Su mente ve el nacimiento de Jesús más como la venida de Dios al mundo decretada en la eternidad que como el nacimiento del hombre Jesús. La visión divinizada del nacimiento en Belén es constante en sus meditaciones: Jesús destruiría los impedimentos a las operaciones divinas para la ejecución de sus designios; hay que amar la bajeza, pues Dios se ha unido a ella en su natividad; al mirar el pesebre, hartémonos de Dios adorando la divinidad en el estado de la infancia de Jesús.

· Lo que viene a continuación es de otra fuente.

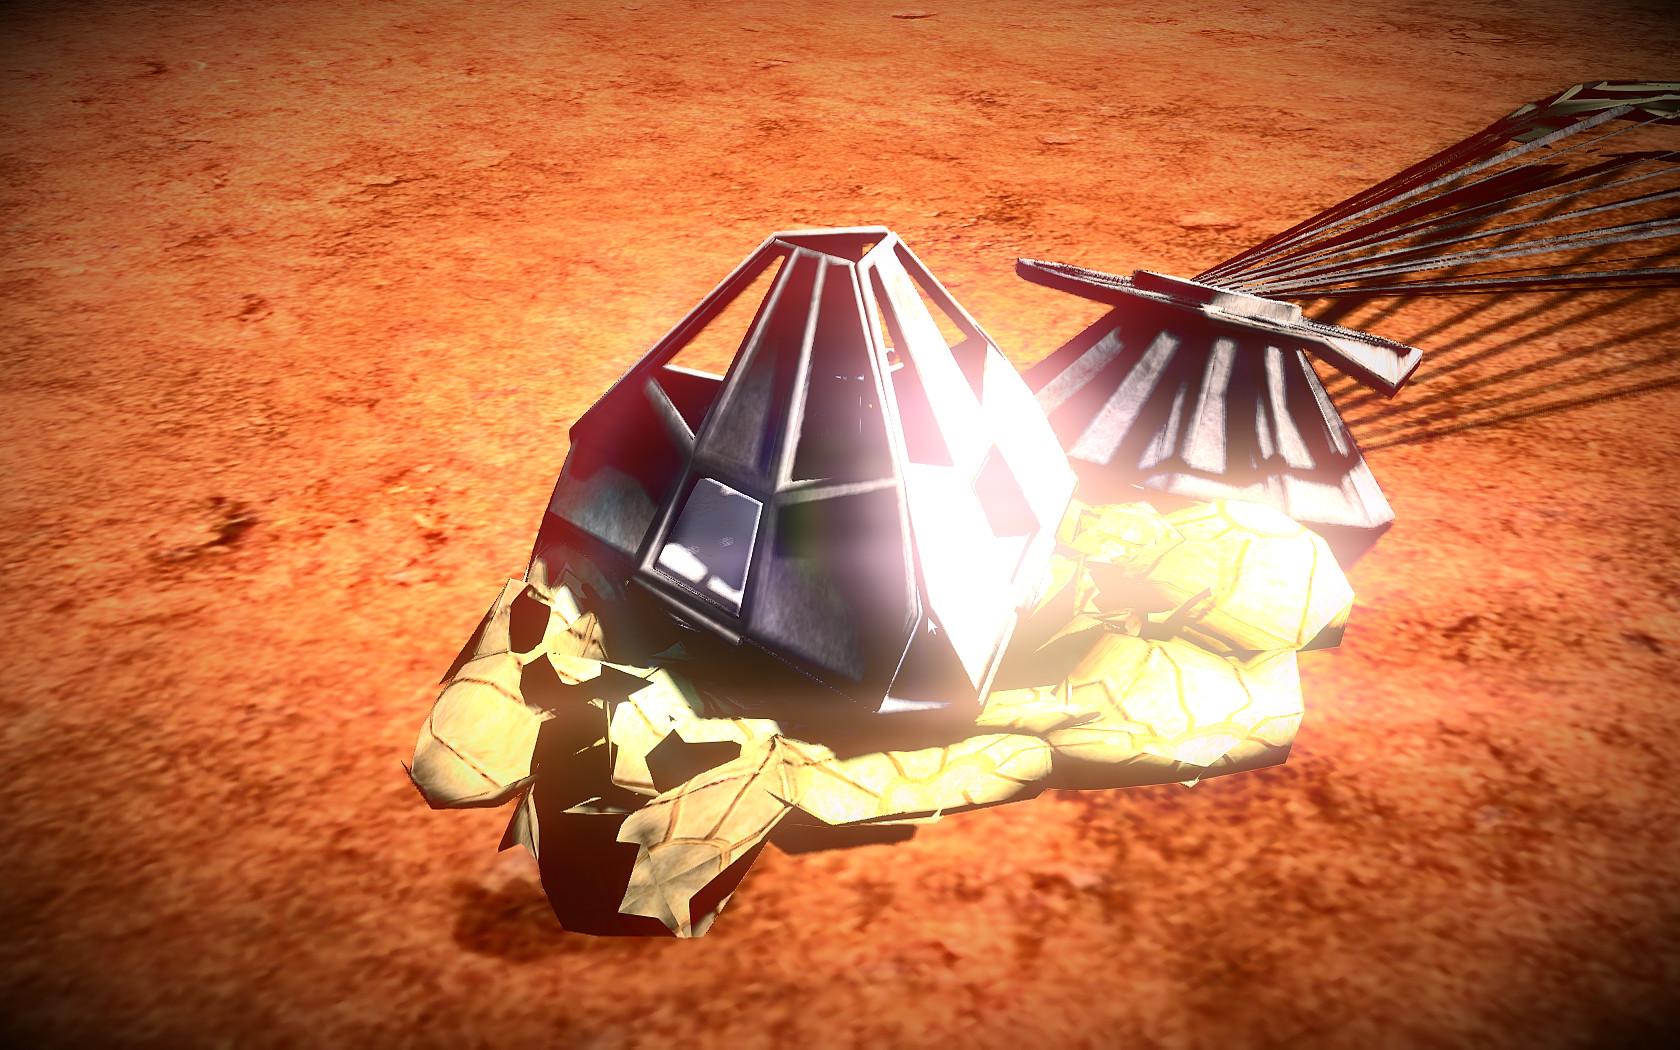 Mars Simulator - Red Planet Screenshot 1
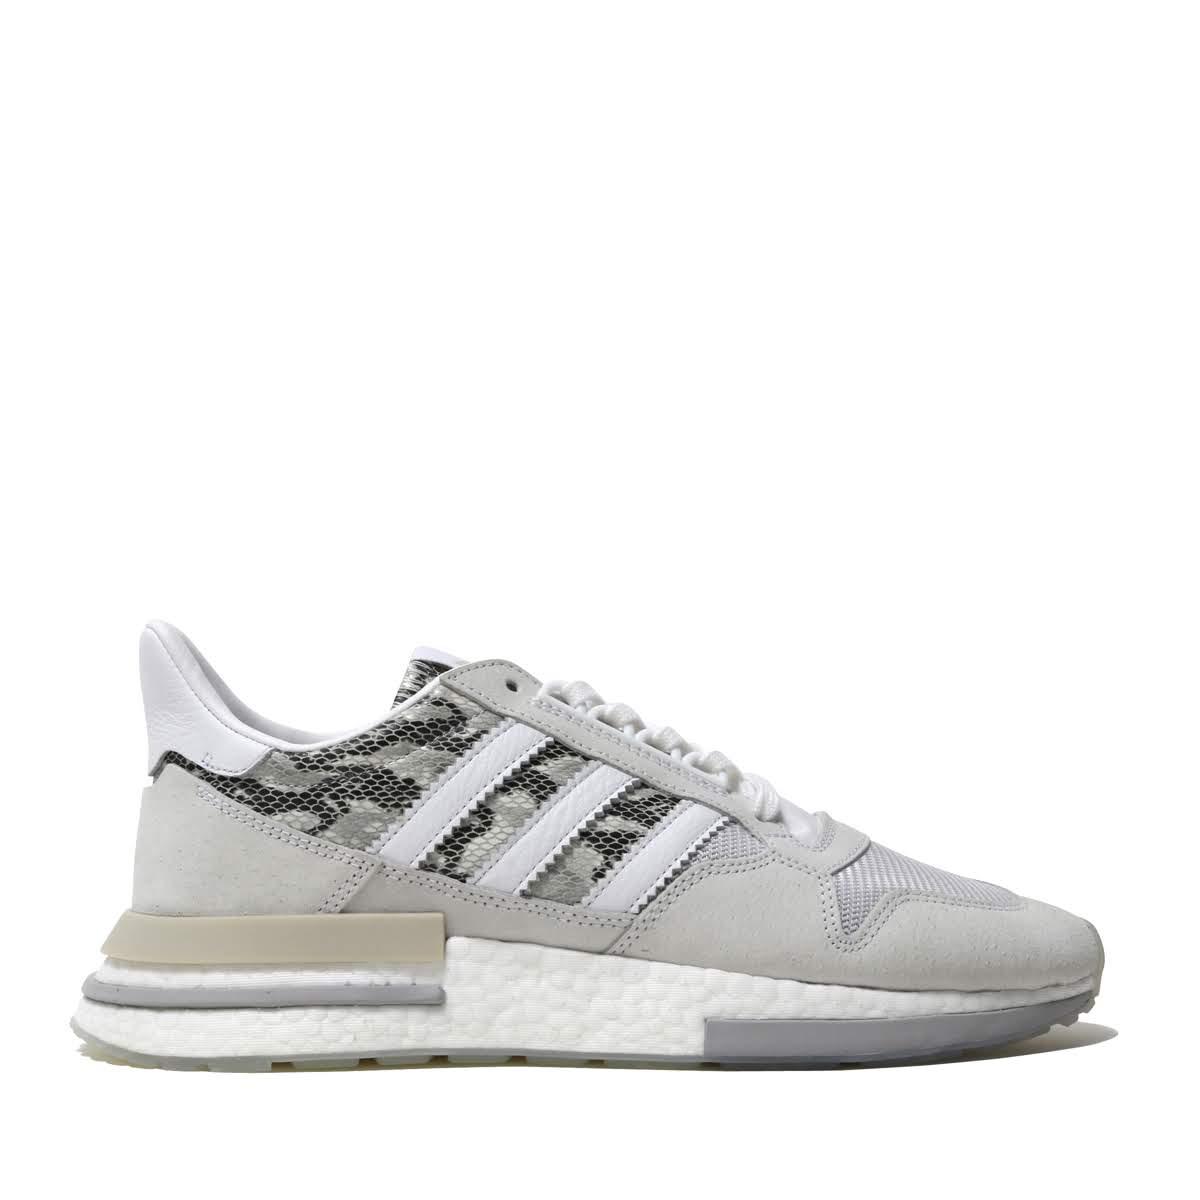 メンズ靴, スニーカー adidas Originals ZX 500 RM(RUNNING WHITERUNNING WHITERUNNING WHITE)( ZX 500 RM)19SS-I

Cuando se pone en oración de inmediato ve en Jesucristo a la segunda Persona de la Trini­dad, al Verbo Dios que ya existía antes de la en­carnación y que se hace hombre en esta tierra. La fe se impone a los sentidos y a la razón, y las cualidades y prerrogativas divinas empañan a su vista la naturaleza humana de Jesucristo. En su vocabulario y en su mente todo está tan di­vinizado que en vez de ser la humanidad un velo envolviendo a la divinidad parece que es la divinidad la que oculta a la naturaleza hu­mana.

Santa Luisa se acerca a Jesucristo crucifi­cado como hombre, pero sintiendo que primor­dialmente es Dios. No se puede negar que, cuando escribe a las Hijas de la Caridad, em­plea las palabras seguir e imitar; pero cuando se recoge consigo misma en la intimidad de la ora­ción le brotan las palabras honra  y honor; que encierran el sentido de alabanza y adoración de la persona humana al Ser absoluto que trans­ciende la creación.

A esta cristología podríamos acusarla de abstracta e inservible para los pobres. Sin em­bargo, este Jesucristo que vivía Luisa de Marillac, es al que nos invita el Concilio Vaticano II en la Constituciones Lumen Gentium y Dei Verbum y a ella la sirvió durante años de prepara­ción para su conversión a los pobres. No es un hombre que se hace Dios el que va a los pobres, es un Dios que abandona la forma divina para vivir la forma humana visible a los pobres. Desde la omnipotencia y lo divino desciende hasta lo débil y lo terreno por amor a los hom­bres. ¡Qué grande es el pobre que tanto influye en Dios! En su conciencia resultó impresionante meditar aquellos dos pensamientos «Dios es el que es» y «Dios es mi Dios«, y podemos imaginarnos sin dificultad lo que sentiría al me­ditar «Dios se hace hombre para liberar a los pobres».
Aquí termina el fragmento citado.